Au moment où vous lirez ce texte, j’aurai réintégré le monde du vacarme. Je quitte ma Drôme provençale, celle que je connais depuis toujours, les yeux fermés pour en avoir arpenté les alentours (combien de millions de fois ?).



La vallée du Jabron, que vous trouverez à l’entrée de Sisteron, est large au départ, puis se rétrécit, monte imperceptiblement et débouche sur mon village là où commence la première gorge. Cette vallée est une enclave qui nargue les Alpes de Haute-Provence.
Les claustrophobes, les mondains auront du mal à supporter cet endroit désertique qui porte à la rêverie et au bien-être : il n’y a rien! L’unique paysage, ce sont les montagnes. Rares sont ceux qui s’y sentent mal mais cela arrive et je conçois que l’horizon fuyant puisse les étouffer.

Le café-restaurant le plus près se trouve à 2,7 kilomètres. C’est "L’Etape", aux Omergues. Allez-y. Les jeunes propriétaires, Sylvie et Gaël, sont vraiment sympa et la maman de Sylvie, Rose, fait tous les vendredis en période estivale, un aïoli absolument excellent (réservez surtout). Vous le mangerez en terrasse, accompagnés par les piaillements qui crient famine (juste une impression) d’une horde de moineaux qui sont loin d’être craintifs.

Pour ceux qui ont l’odorat très sensible, cette région regorge de richesses odorantes telles que : la sarriette, le thym, la sauge, le genièvre, les pins aux senteurs si subtiles du sud, les tilleuls qui embaument quand le soleil commence à faire monter l’humidité du petit matin, l’hysope ancestrale, au bleu profond, et cette lavande qui se marie si bien avec les champs de blé et de sauge.

Beaucoup de randonnées à dos de cheval ou souvent d’ânes, dans ce pays de Giono. C’est beau pour nos cinq sens et surtout, pour l’âme des poètes, des fous de la Nature comme moi. C’est pour moi le seul endroit où le temps retrouve sa vraie valeur. Je m’explique : les heures s’écoulent sans l’impression de la rapidité du temps, normalement. Nous vivons au rythme du soleil, sans impératif, sans contrainte que nous nous imposons dans nos méga villes gérées par le stress et nos incessants "pas le temps!", "pas le temps"!
C’est une région où les automobilistes s’arrêtent pour laisser passer les piétons. Ce qui devrait être une chose normale, à force de ne pas être respectée, devient presque surréaliste parce que plus l’habitude et ceci, à cause de l’incivisme de ceux qui, du haut de leurs quatre roues, ne se soucient plus de ceux qui les entourent.
Chacun connaît son voisin dans ce genre de petit village, ce qui ne veut pas dire que parfois, ce dernier ne ressemble pas à "Clochemerle", souvent à la joie de tous.

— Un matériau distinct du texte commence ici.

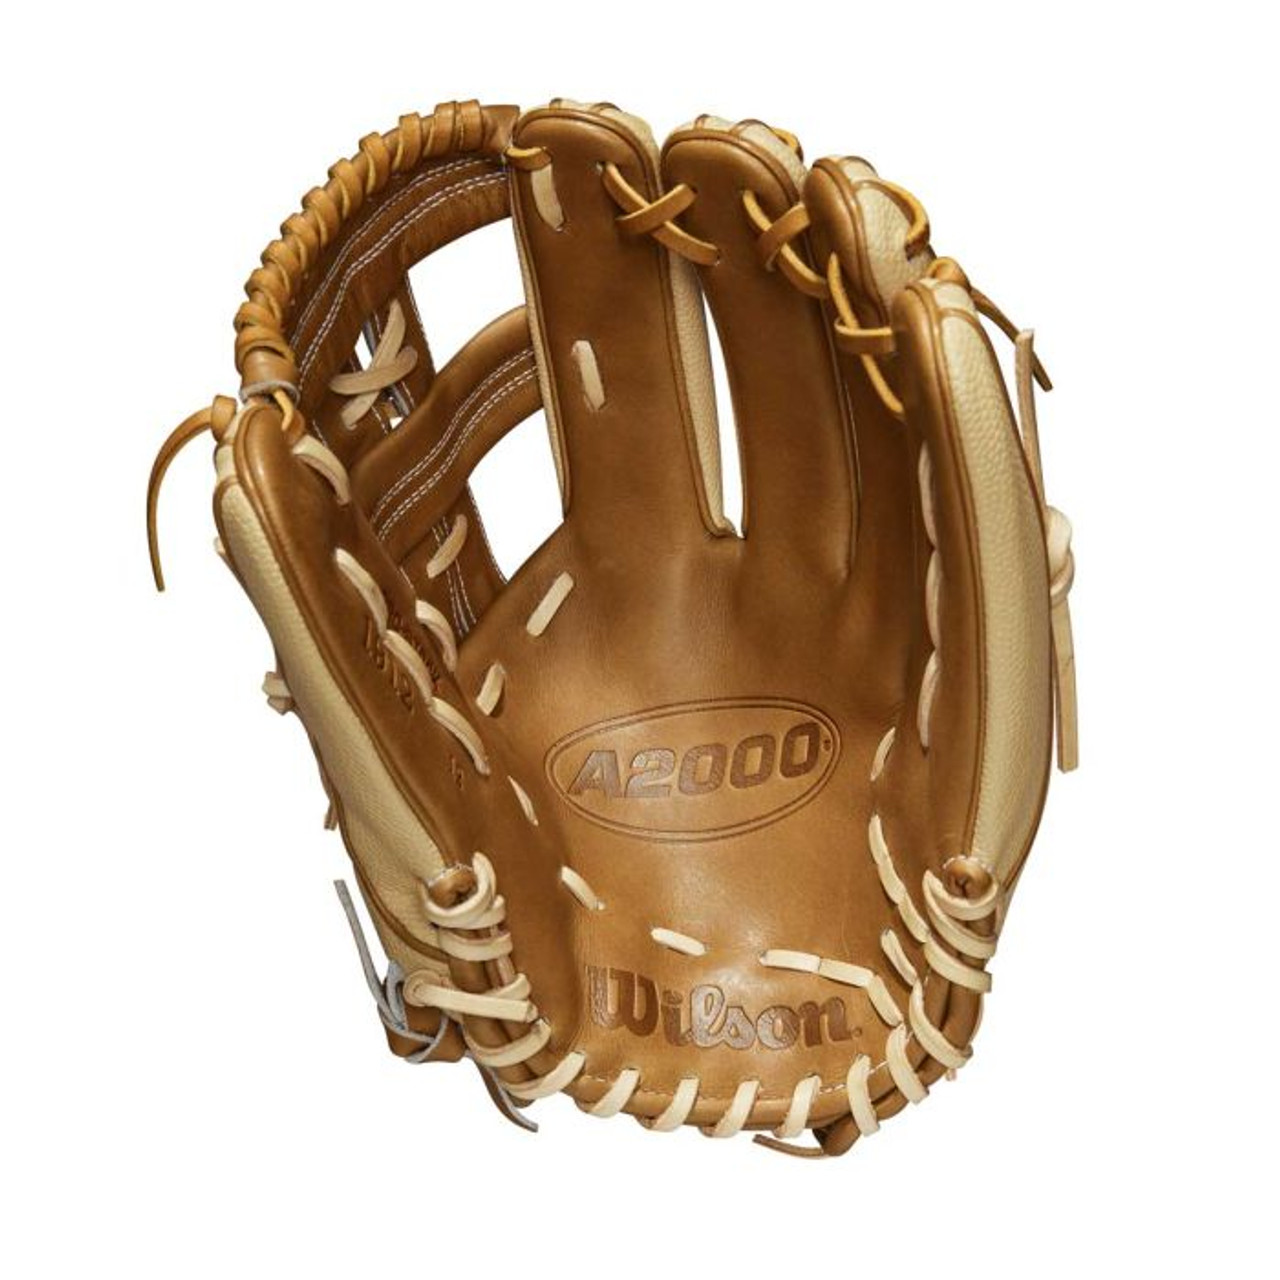 Wilson A2000 Julio Rodriguez JR44 GM Outfield Baseball Glove - 12.75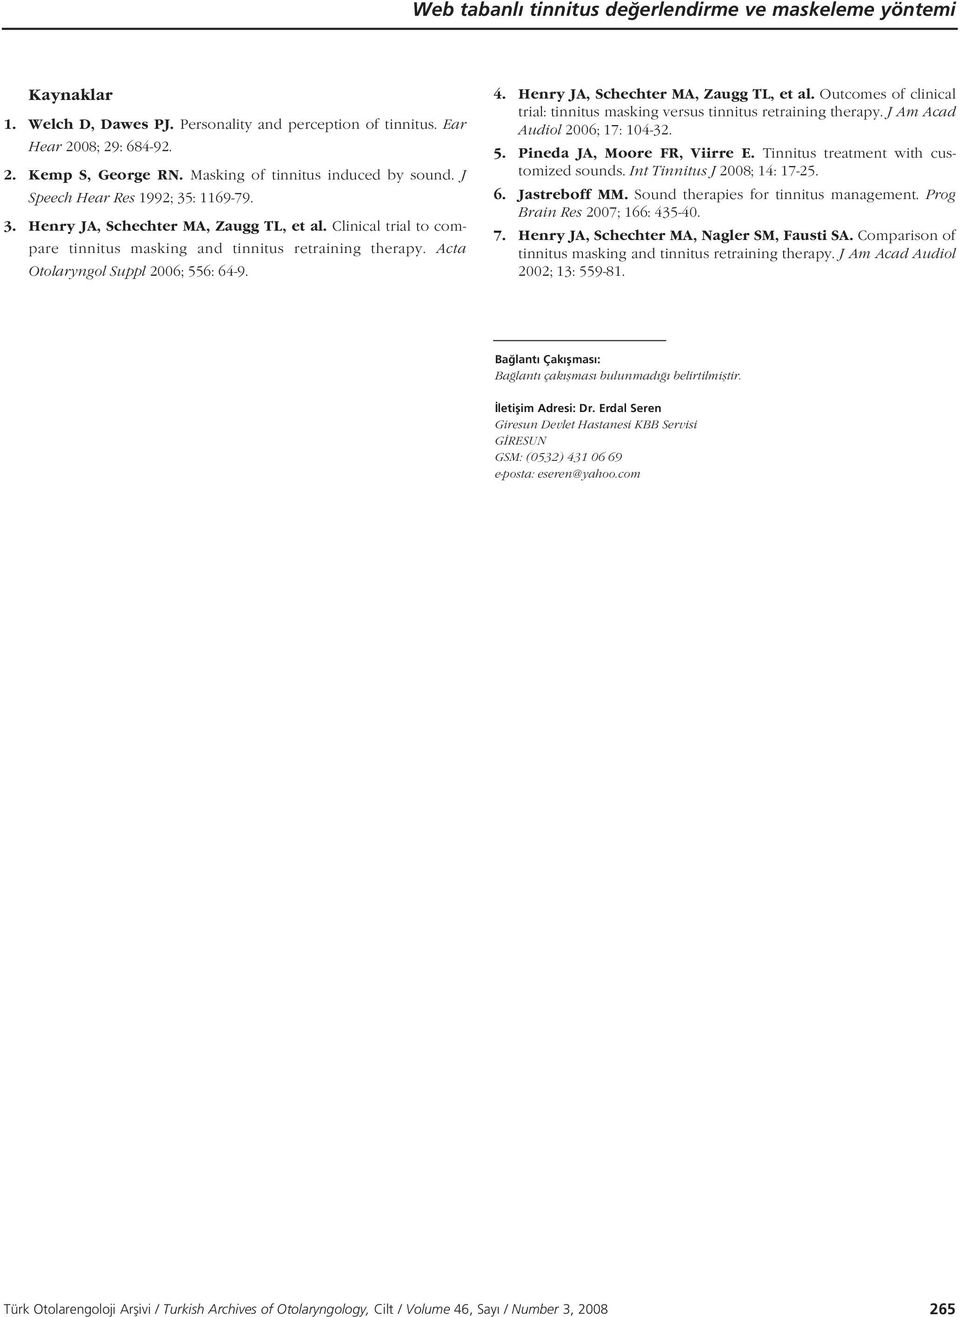 Acta Otolaryngol Suppl 2006; 556: 64-9. 4. Henry JA, Schechter MA, Zaugg TL, et al. Outcomes of clinical trial: tinnitus masking versus tinnitus retraining therapy. J Am Acad Audiol 2006; 17: 104-32.

Quand je suis là-bas, je suis ivre de liberté, je m’intériorise et je me libère en même temps de cette société qui nous brime et qui nous supprime ce confort moral et cet équilibre que nous procure la vie simple. Pas de radio, pas de télévision (hé oui, cela aussi paraît surréaliste!) et le soir, nous n’en avons nullement besoin. Nous les passons chez nous, sur la terrasse, à manger, à discuter et à rire de tout, de rien, de nous, des autres et surtout des absents qui ne nous manquent pas. La chaleur des soirées est apaisante. Même l’automne est d’un réconfort extraordinaire.

Je viens d’y passer 3 semaines à arpenter mes pinèdes avec pour seuls compagnons pendant mes ballades, quelques rapaces et le chant des grillons. Moments de solitude bénéfique, loin de la frénésie citadine, de la horde sauvage, cette danse effrénée d’un va et vient incessant que je vais, hélas, retrouver sous peu.
Cet endroit est un luxe qui m’est offert et j’en suis consciente. Le reste du temps, je ne vis que pour y retourner.

C’est mon havre de paix, ce bonheur profond qui me fait planer au-dessus de votre monde si gris. Qu’il existe encore de tels lieux dans notre pays relève de la magie!